**PROBLEM:** Given the listing below, write out exactly the lines starting with the line that has "Santiago de Compostela - October 9, 2020" and going on through the line that has "állatkert térkép Állatkerti", both kept.

**DATA IN THIS EXERCISE:**
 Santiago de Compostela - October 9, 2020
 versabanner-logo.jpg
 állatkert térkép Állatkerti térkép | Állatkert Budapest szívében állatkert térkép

==

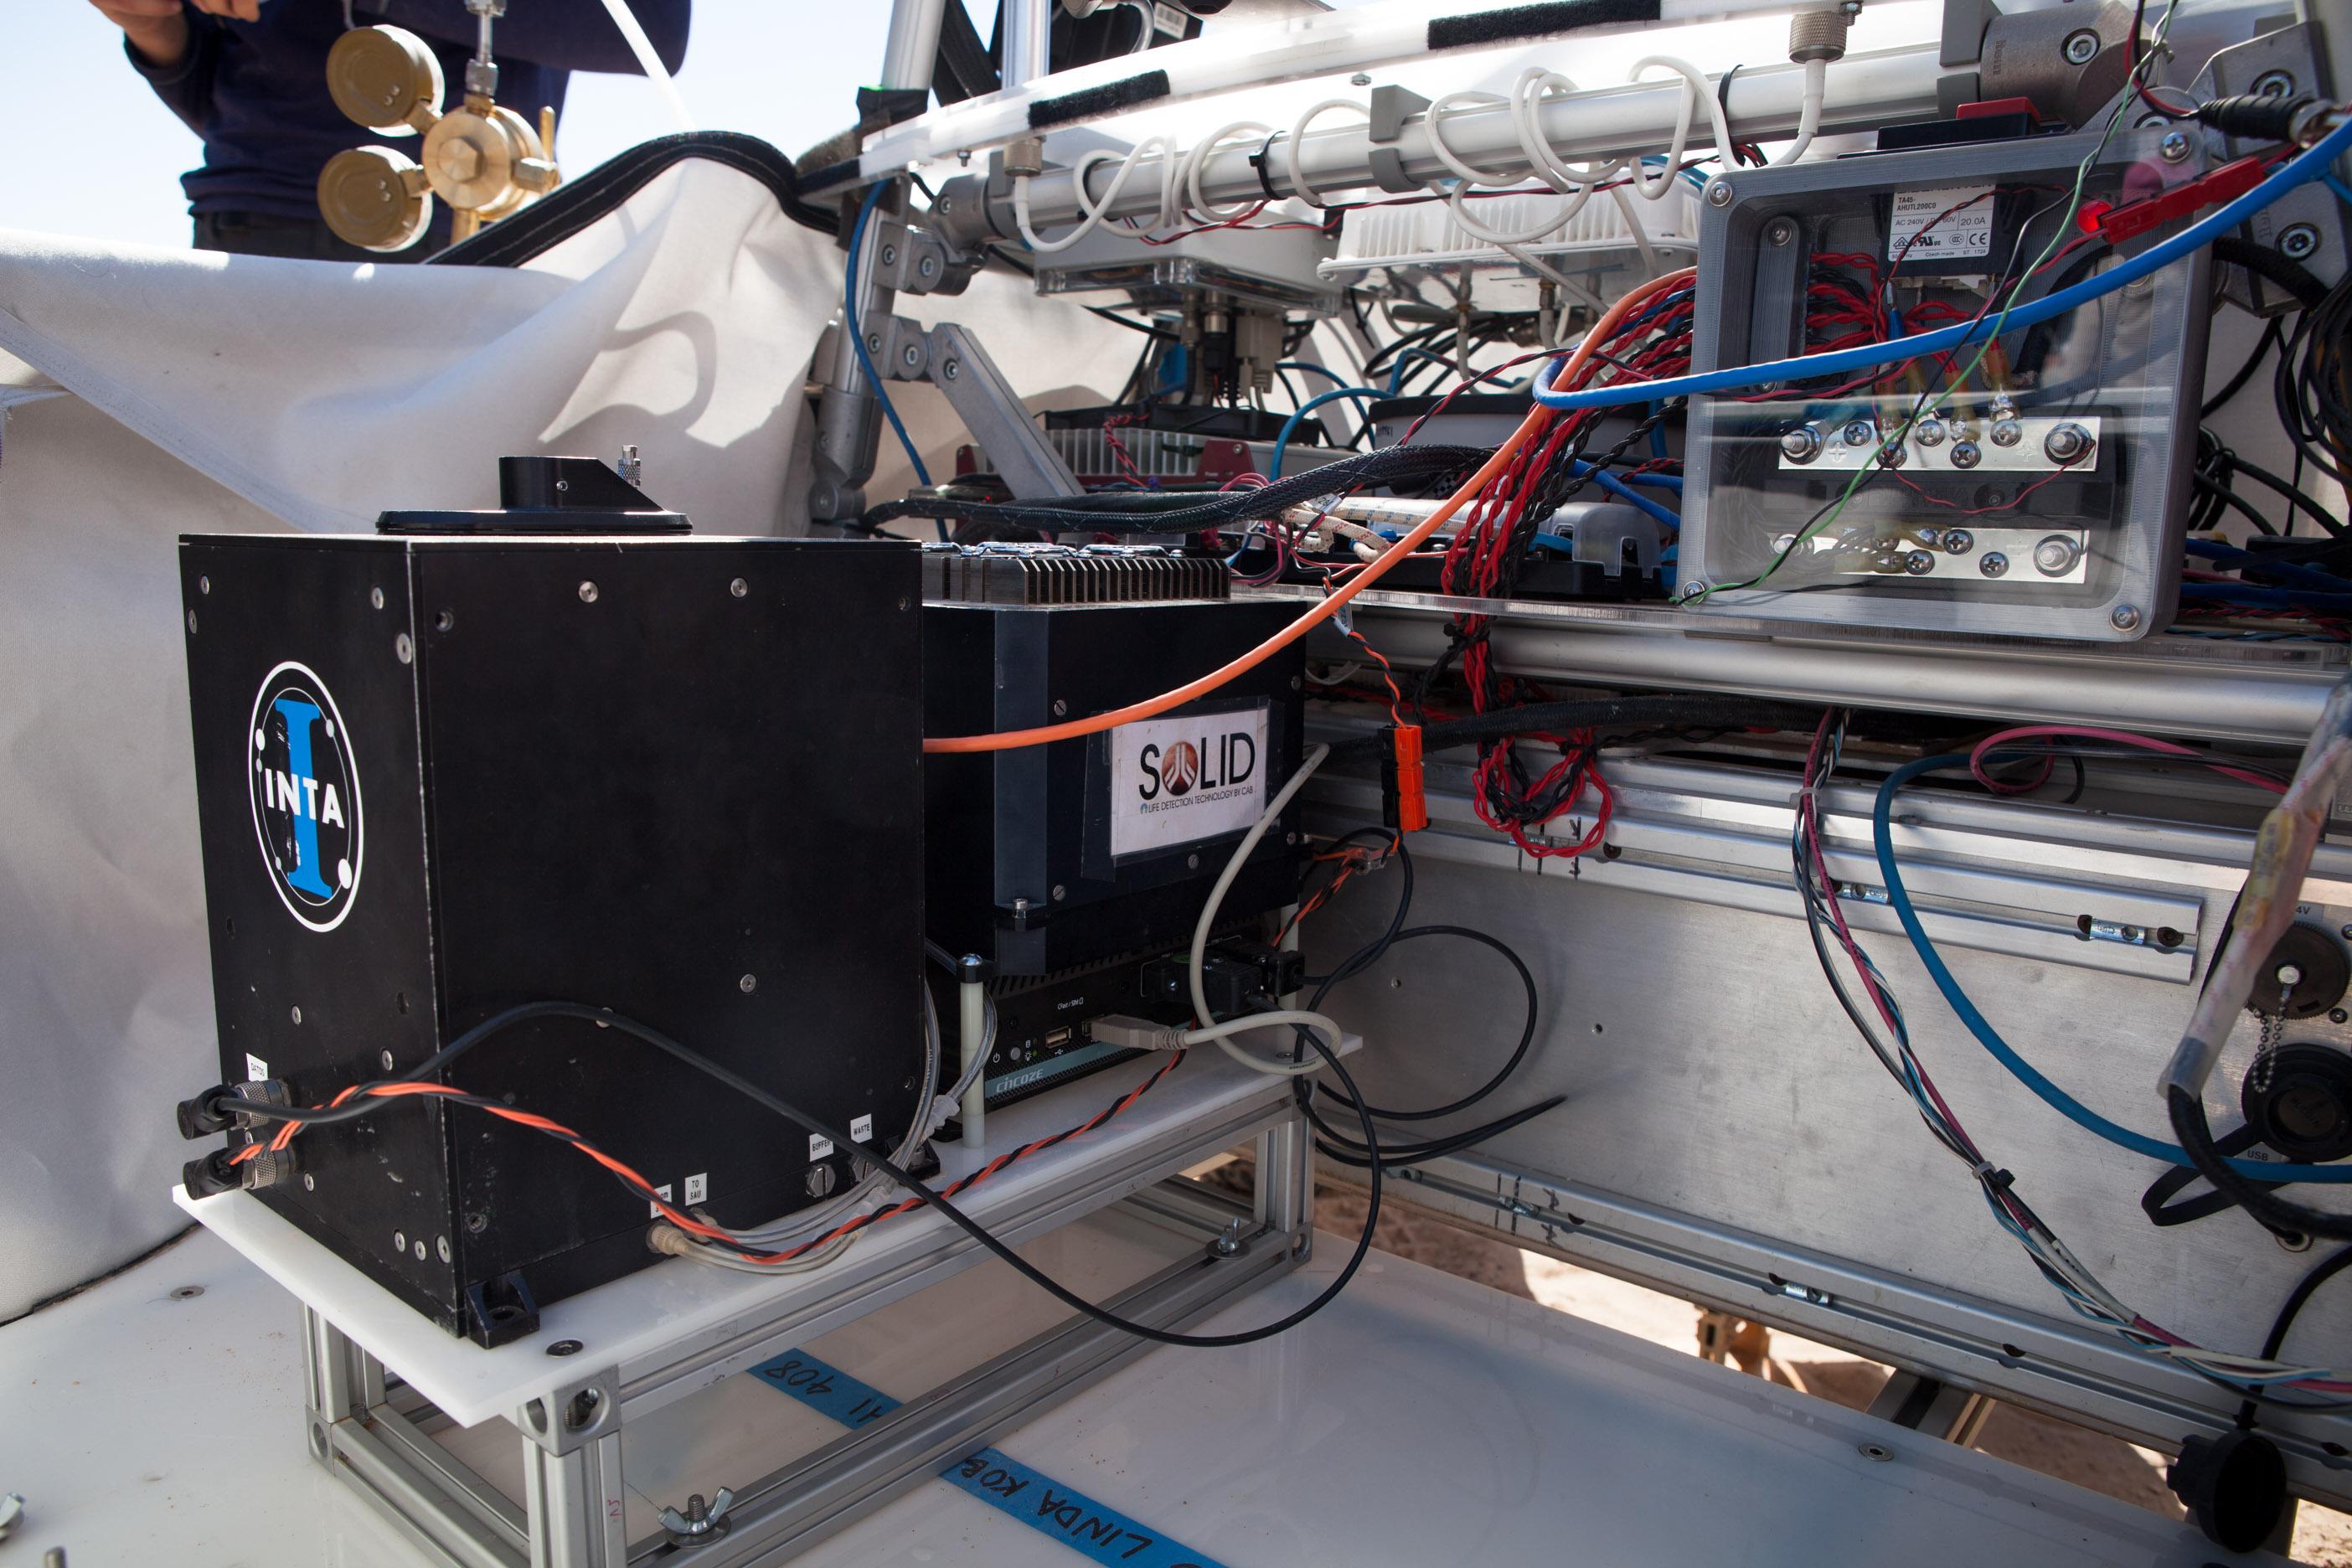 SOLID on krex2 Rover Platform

**TASK SOLUTION:**
 Santiago de Compostela - October 9, 2020
 versabanner-logo.jpg
 állatkert térkép Állatkerti térkép | Állatkert Budapest szívében állatkert térkép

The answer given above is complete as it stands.